**YOUR GOAL**:
Please write out only the lines from the line with "December 2022 Lunar" to the line with "Poll results on", inclusive, exactly as they stand below, without the pictures.

**DATA FOR REVIEW**:
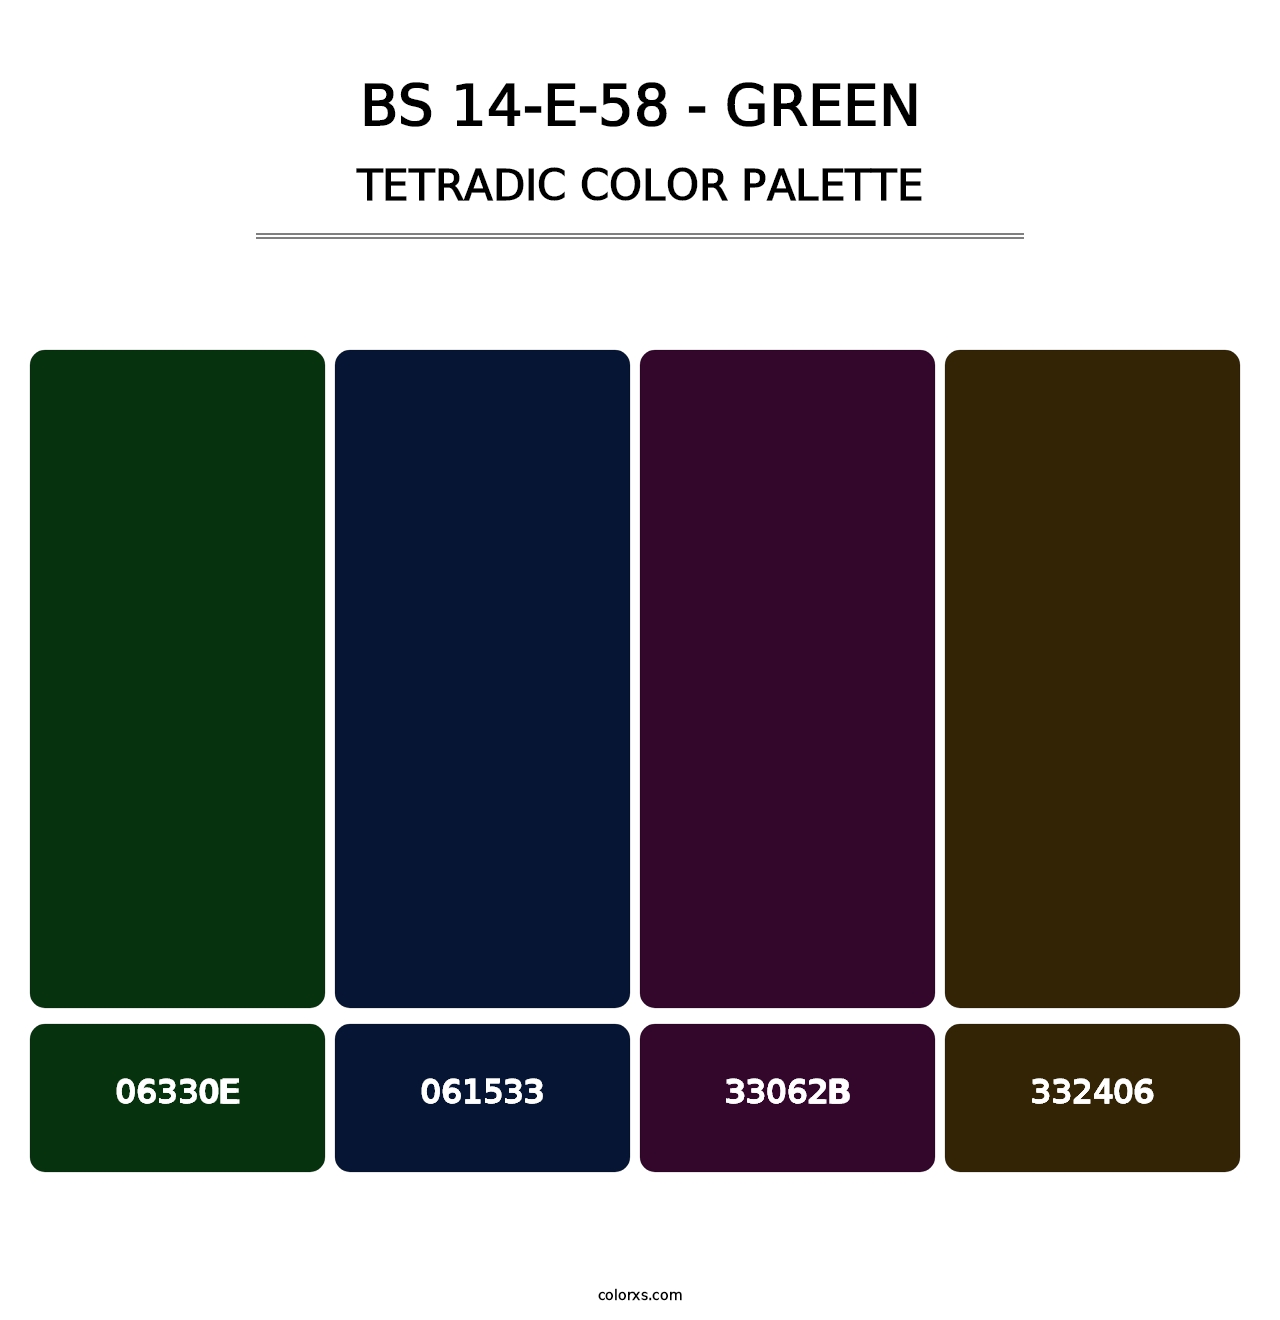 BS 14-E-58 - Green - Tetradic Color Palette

==

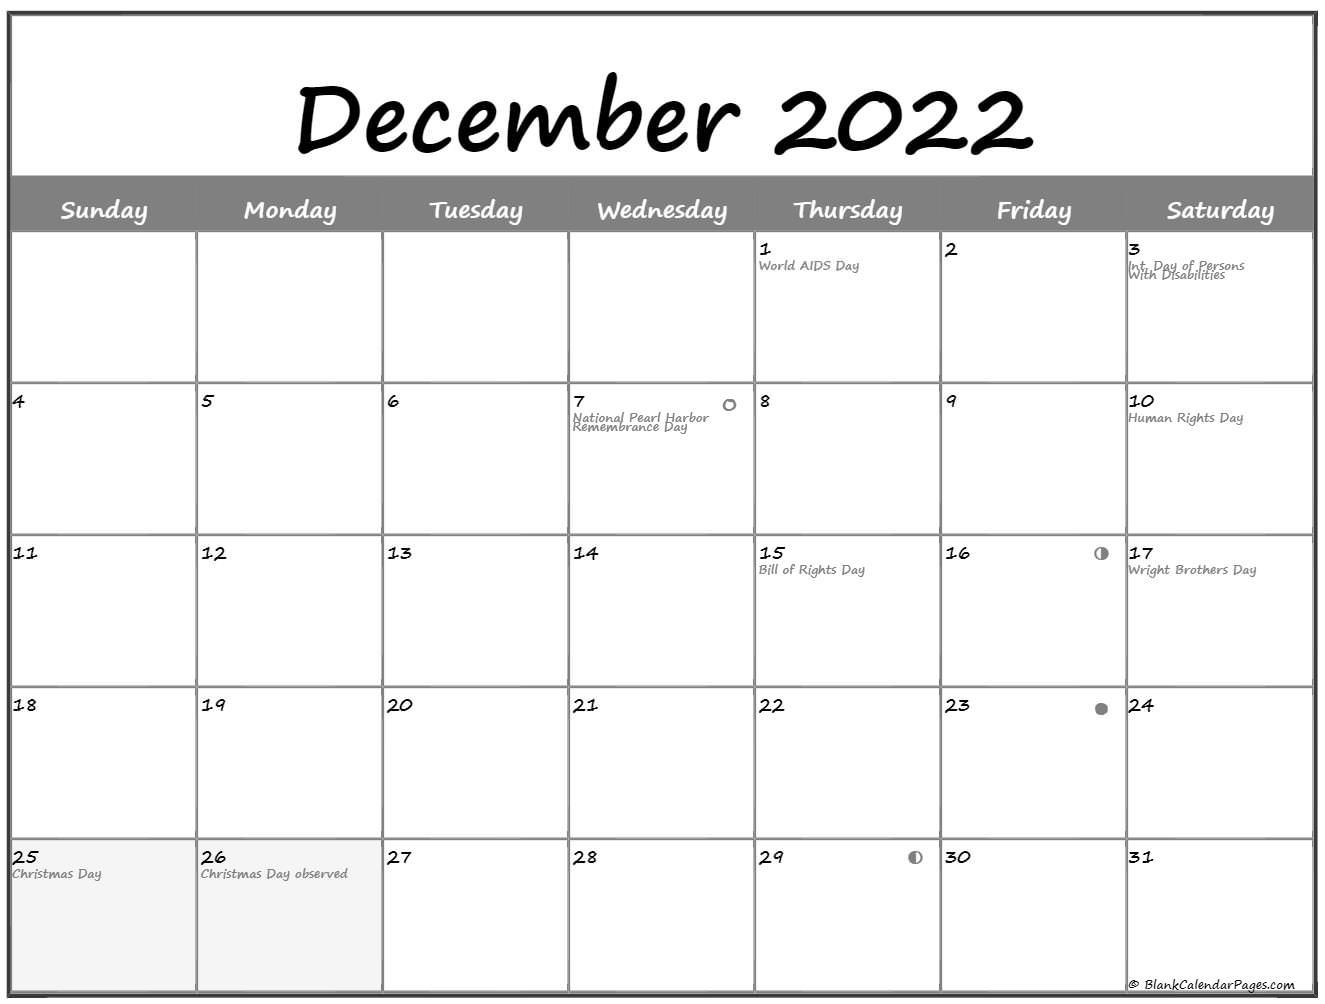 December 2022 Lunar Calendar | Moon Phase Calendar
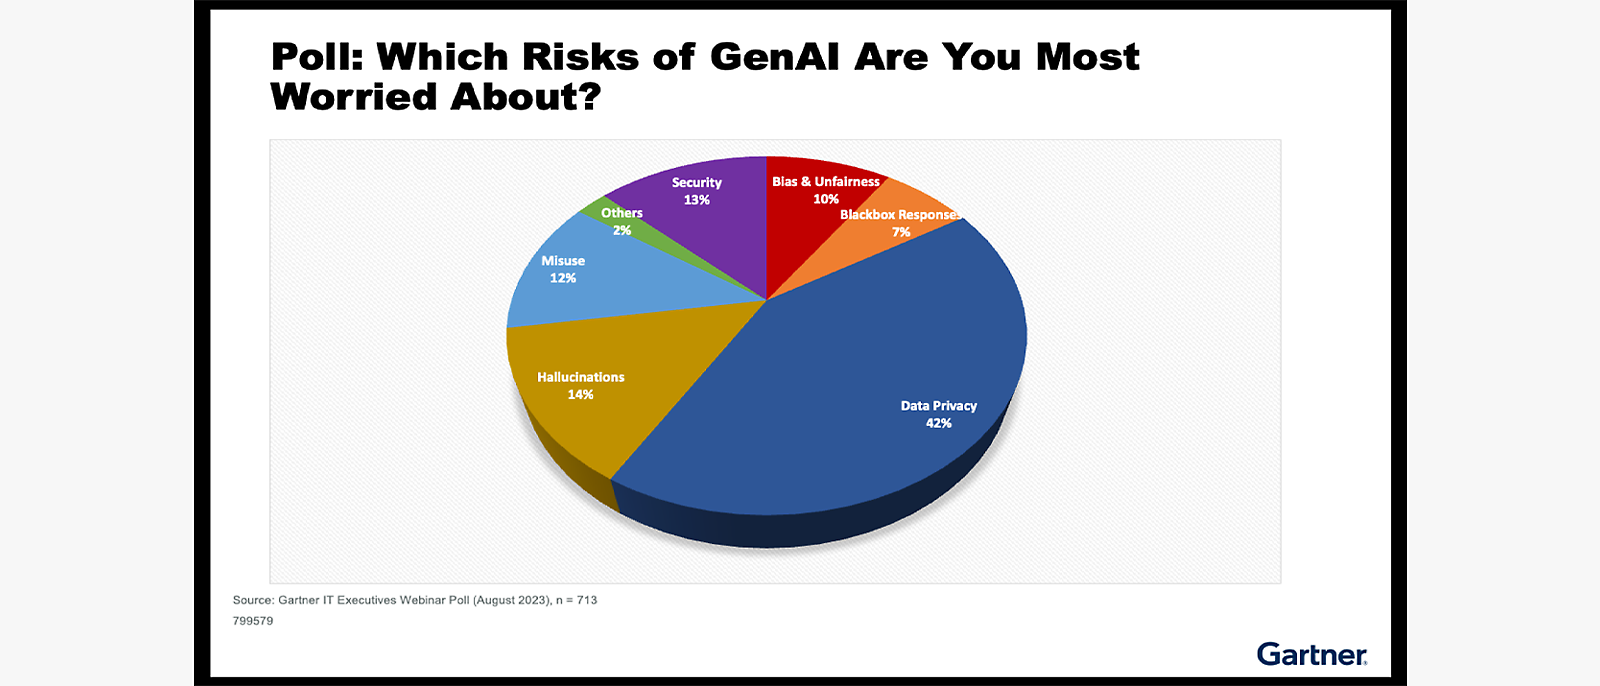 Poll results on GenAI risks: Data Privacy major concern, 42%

**SOLVED PROBLEM**:
 December 2022 Lunar Calendar | Moon Phase Calendar
 Poll results on GenAI risks: Data Privacy major concern, 42%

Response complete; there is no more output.